#### Task:
Retype the following data exactly, but leave its pictures out.

#### Information supplied:
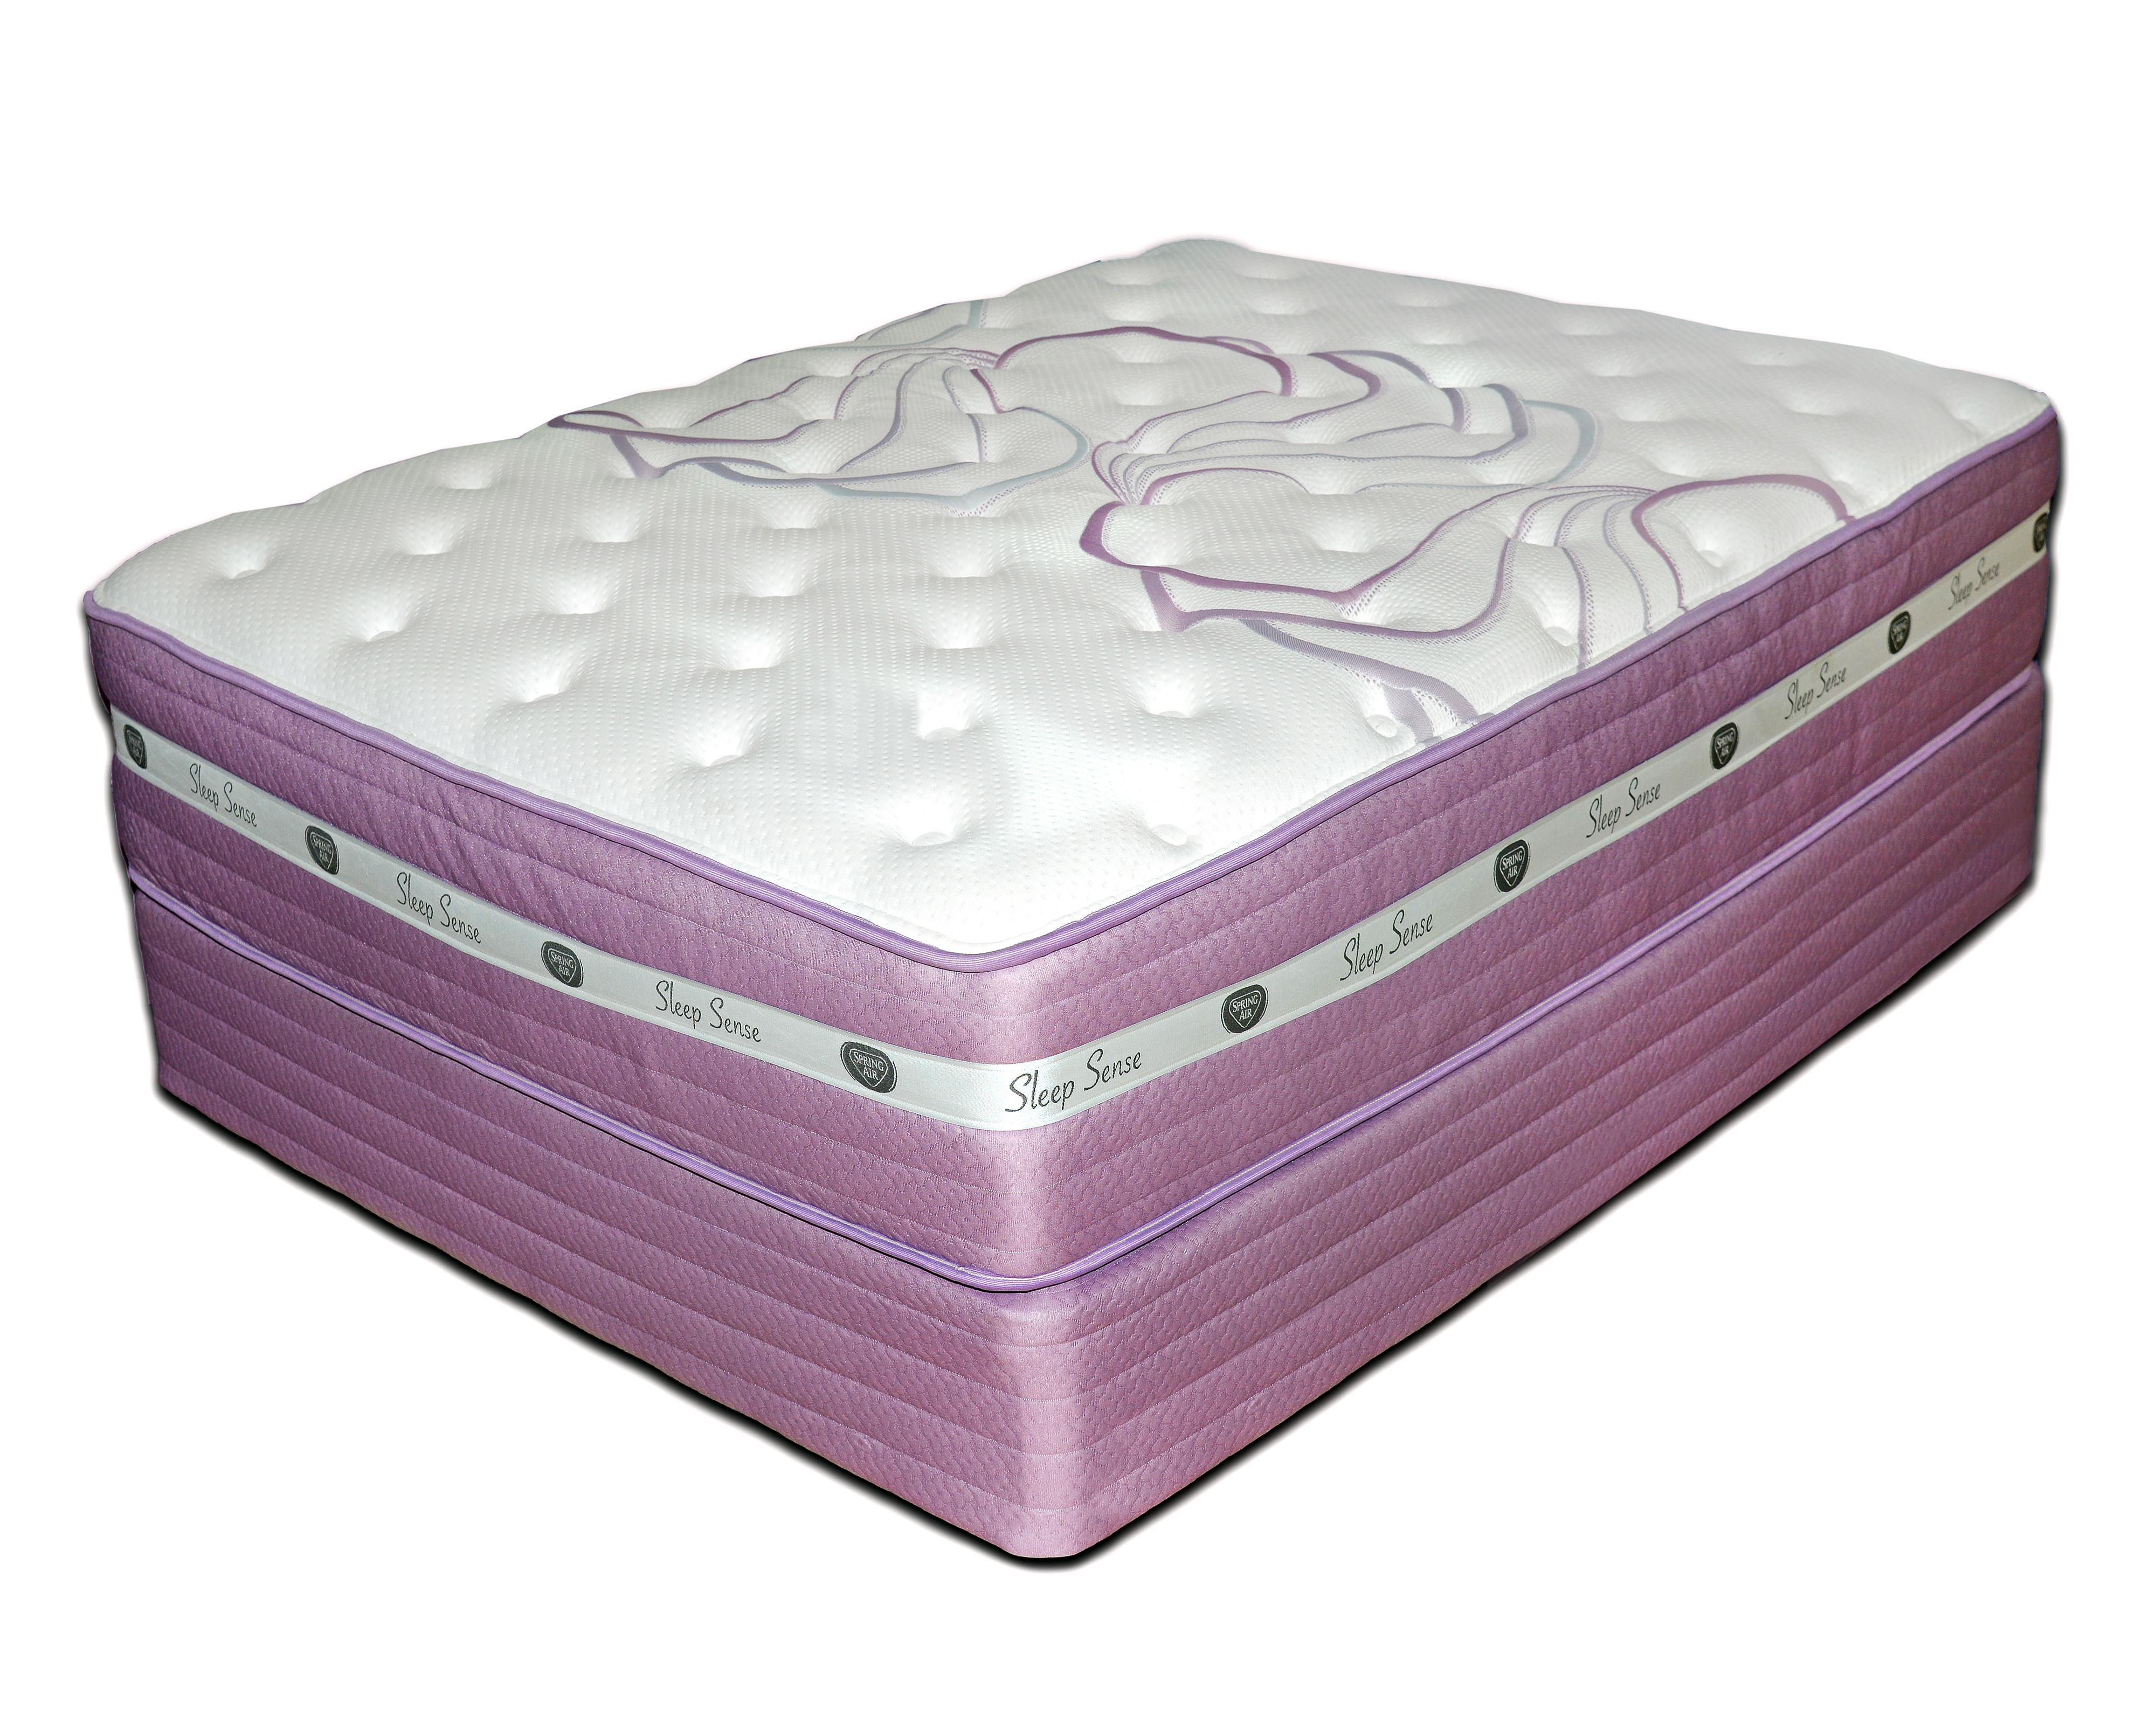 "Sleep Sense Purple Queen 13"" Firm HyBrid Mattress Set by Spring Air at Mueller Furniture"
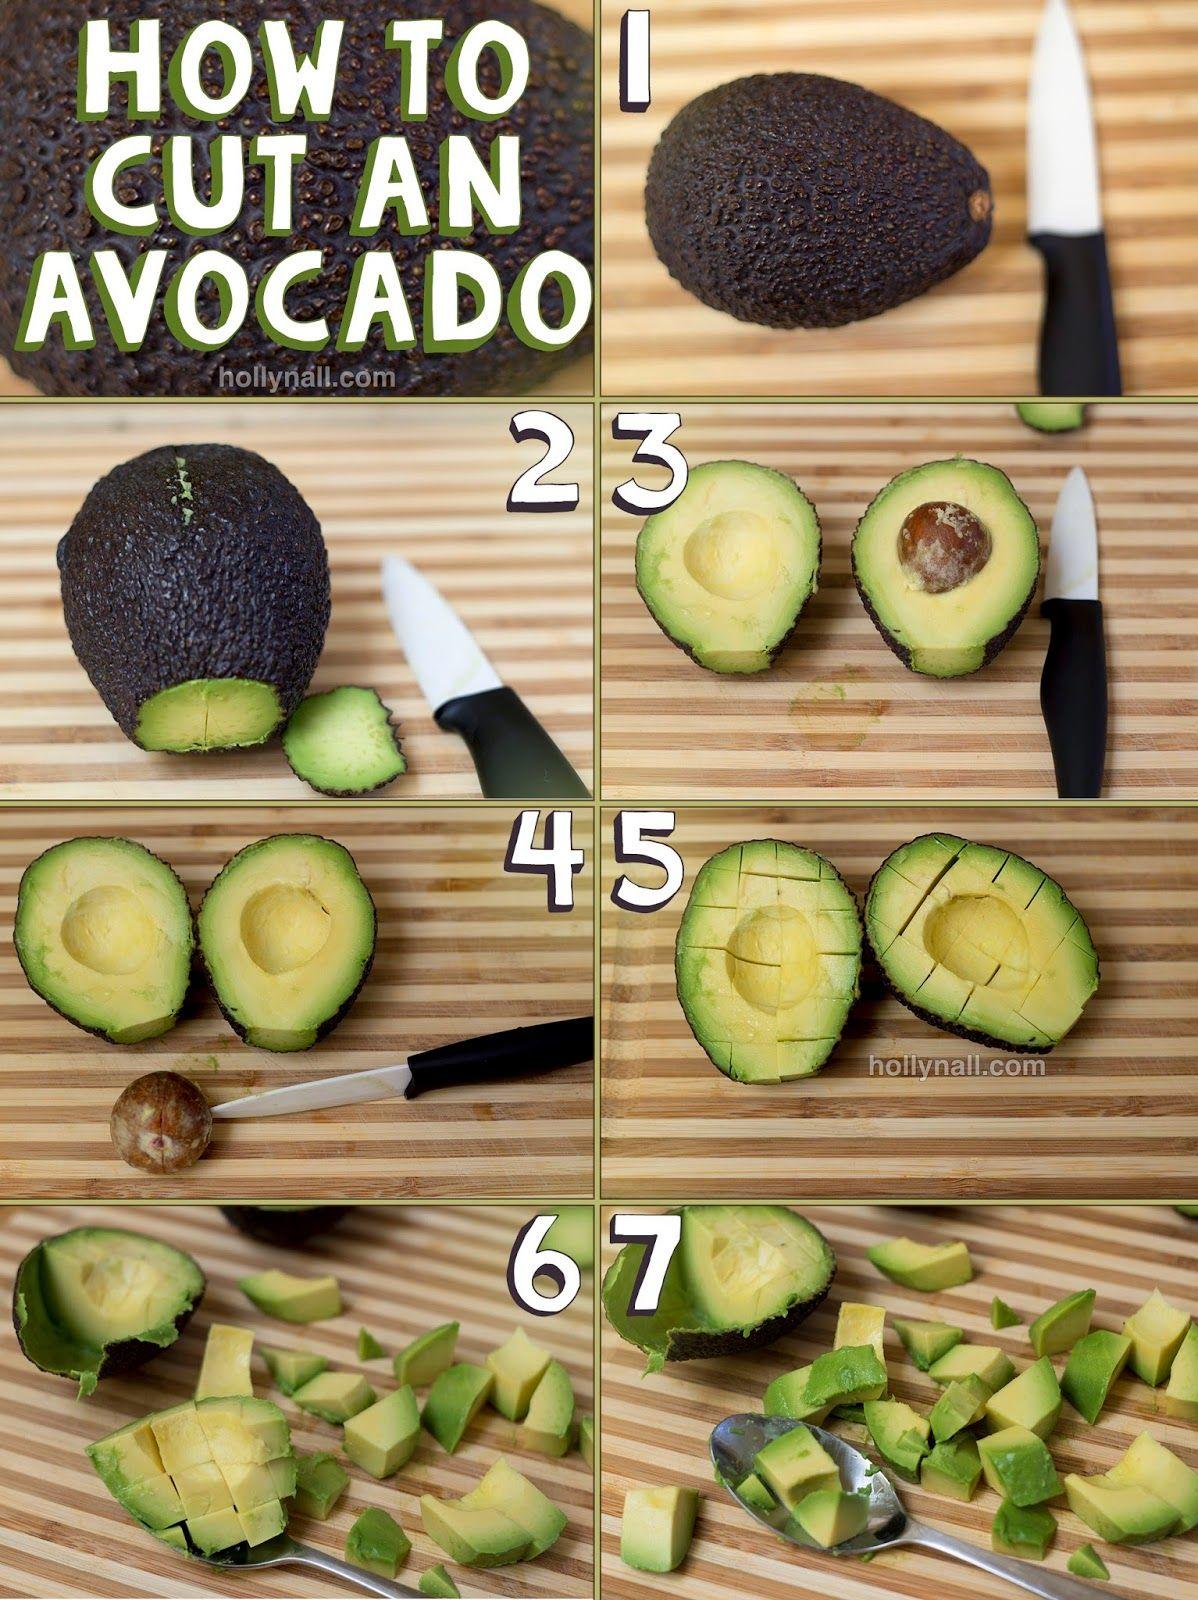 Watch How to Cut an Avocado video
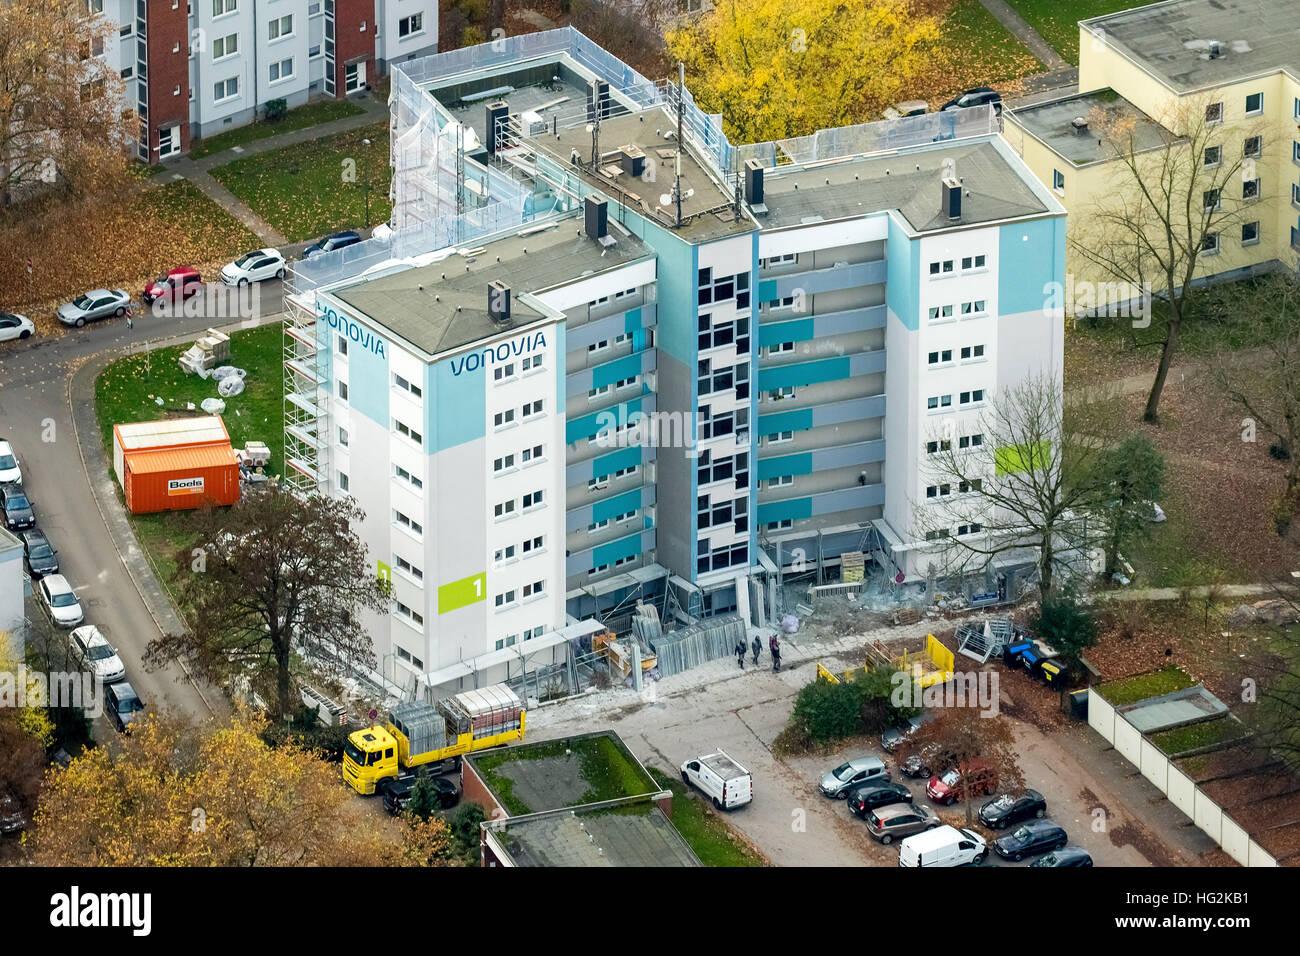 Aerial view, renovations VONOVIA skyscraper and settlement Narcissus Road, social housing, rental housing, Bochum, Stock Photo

#### Solution for this task:
 "Sleep Sense Purple Queen 13"" Firm HyBrid Mattress Set by Spring Air at Mueller Furniture"
 Watch How to Cut an Avocado video
 Aerial view, renovations VONOVIA skyscraper and settlement Narcissus Road, social housing, rental housing, Bochum, Stock Photo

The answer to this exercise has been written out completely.